社長には、創業家以外から初めて和里田聰(わりた・あきら、49)氏が就任。1994年、一橋大学商学部卒。プロクター・アンド・ギャンブル・ファー・イースト・インク(現P&Gジャパン)、リーマン・ブラザーズ証券、UBS証券を経て、06年、松井証券取締役。19年、専務取締役になっていた。和里田氏に松井氏は「自らの価値観、時代感で、思い切り暴れてほしい」とエールを送る。
松井氏の退任に伴い、創業家の代表として長男・道太郎氏(32)が取締役に就く。早稲田大学大学院政治学研究科修士課程修了。QUICKを経て18年に松井証券に入社。19年から「新しい松井証券」を創るための社長直轄プロジェクトを担当している。
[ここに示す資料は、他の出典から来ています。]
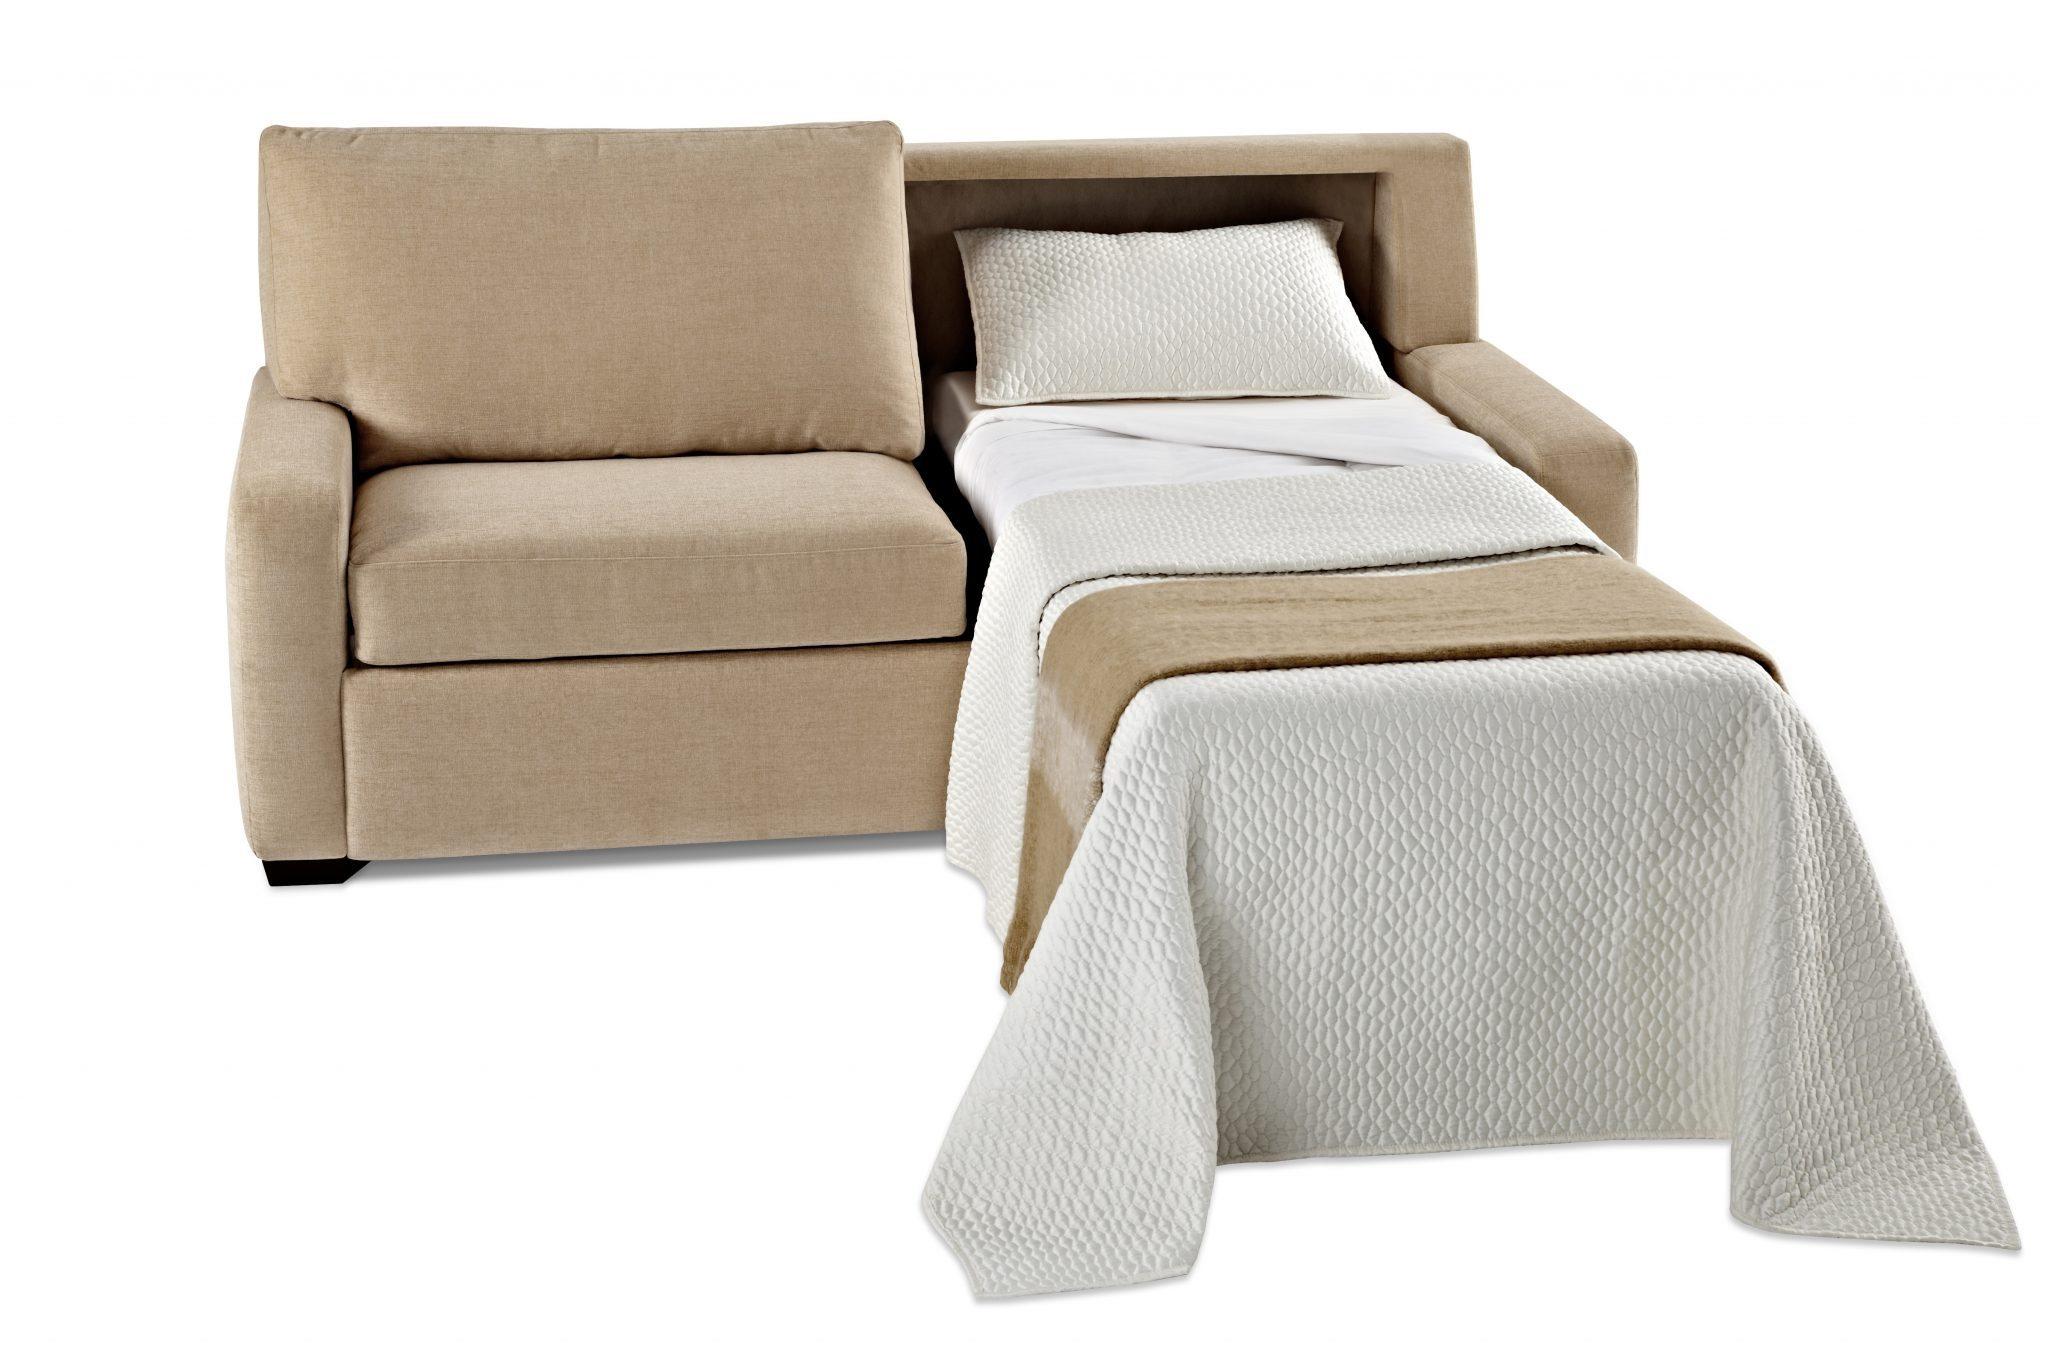 Sleeper Sofa Dimensions Hawk Haven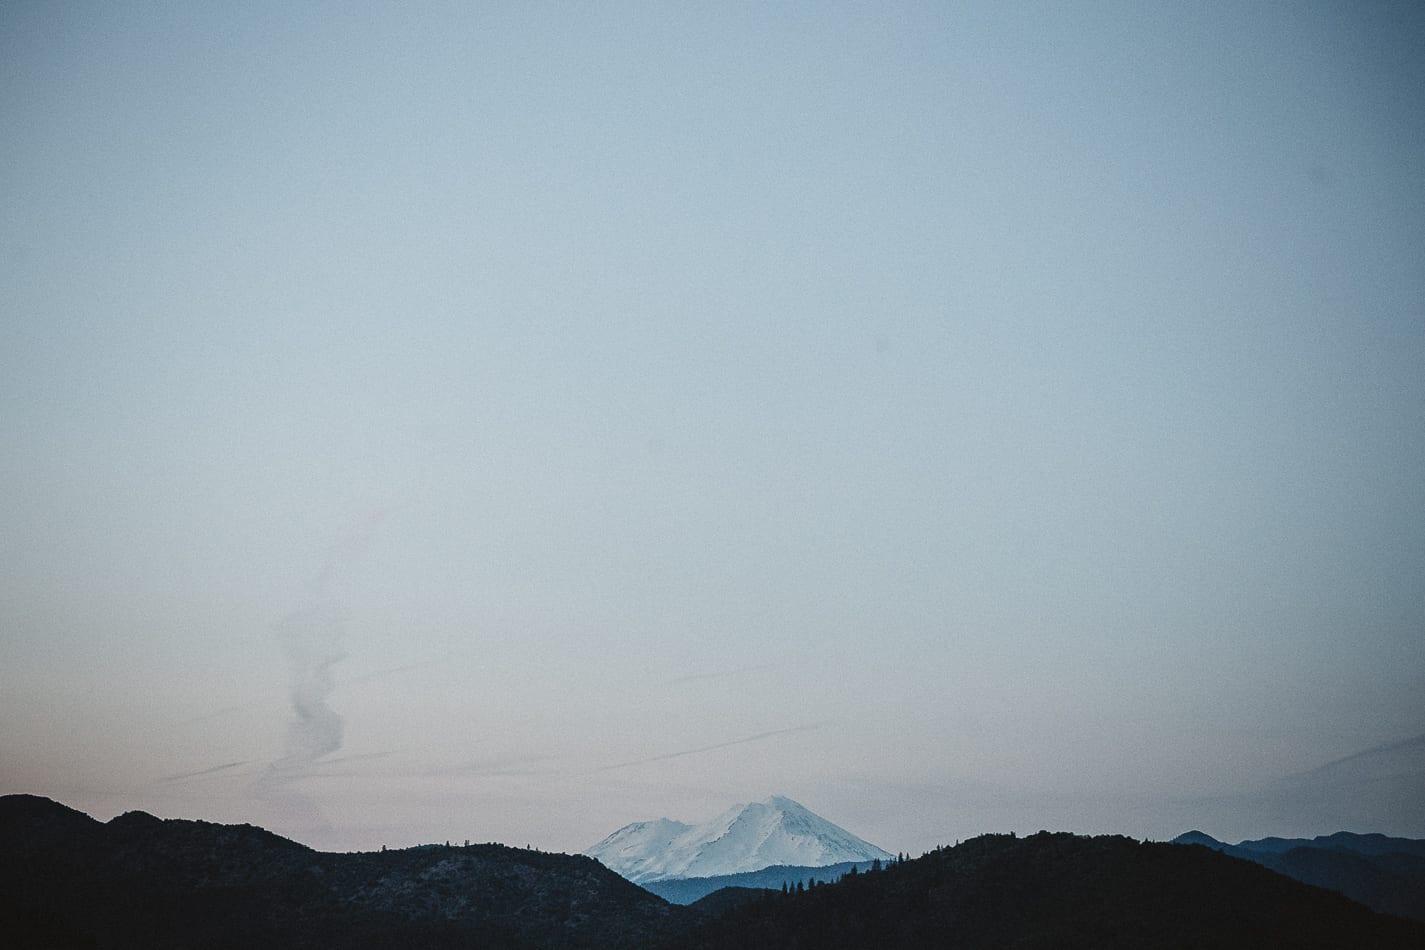 shasta-dam-california-lifestyle-portrait-photographer-7

松井証券の歴史は古い。今日まで同族経営を貫いてきた。創業者は松井房吉。三重県桑名市出身の相場師だ。1918(大正7)年5月、日本橋兜町で個人営業の松井房吉商店を創業。「売りの房吉」の異名をもつ。第一次世界大戦後の20(大正9)年3月の株価大暴落で売りまくり、巨万の富を得た。箱根塔ノ沢温泉で、当時、人気俳優だった阪東妻三郎と張り合って豪遊したという逸話が残る。夢枕に弁天様が立ったことから、箱根登山鉄道塔ノ沢駅の構内に銭洗弁天を祀る祠を寄贈した。
南満州鉄道など国策会社の株式を買っていたため、敗戦で株券は無価値となり、房吉は財産のほとんどを失った。49(昭和24)年、長男、武が事業を継承。3代目社長は武の実弟の正俊。老舗だが、同社は弱小証券会社の域を出なかった。
武の娘婿の松井道夫氏が中興の祖である。道夫氏の旧姓は務台。長野県生まれの東京育ち。1976年、一橋大学経済学部卒業後、日本郵船に入社。86年、上智大学大学院で中国考古学を学ぶ松井千鶴子氏と結婚したことによって人生の転機が訪れる。2代目社長の武には千鶴子氏しか子供がいなかったため、道夫氏は養子となる。87年、松井証券に入社。会社を継ぐという道夫氏の申し出に、武は「おやんなさいよ。でも、つまんないよ」と答えた。
松井道夫氏は異端児である。証券界の多数派の逆を行く。
「営業マンはいらない。インターネット上で顧客に株式を売買してもらう」
95年に社長の椅子に座った松井氏が、社運を賭ける決断をしたのがインターネット取引である。インターネット時代の到来を見据え、店頭での対面営業を廃止し、ネット証券会社として産声をあげた。99年に株式手数料が完全自由化されたことを受け、手数料が安いネット証券が相次いで誕生した。松井証券は返済期限のない信用取引を業界で初めて導入するなど斬新なサービスを投入し、シェアを拡大した。それまで無名に近かった松井証券は、ネット証券会社の先駆けとなった。
手数料自由化とデイトレードの隆盛に乗って「1日定額制」「無期限信用取引」など新機軸を次々と編み出し、松井証券はネット証券の先頭を走ってきた。しかし、輝いていたのは2000年代の半ばまで。手数料の値下げ競争で出遅れ、シェアを落とした。
ネット取引をする顧客の多くはIPO(新規株式公開)銘柄を事前に手に入れるのに血眼になっていた。ところが、松井氏が野村、大和、日興などのIPOの大手独占を批判して挑戦状を叩きつけたため、野村などを怒らせ、IPO銘柄を割り当ててもらえなくなった。それで客離れが進んだ。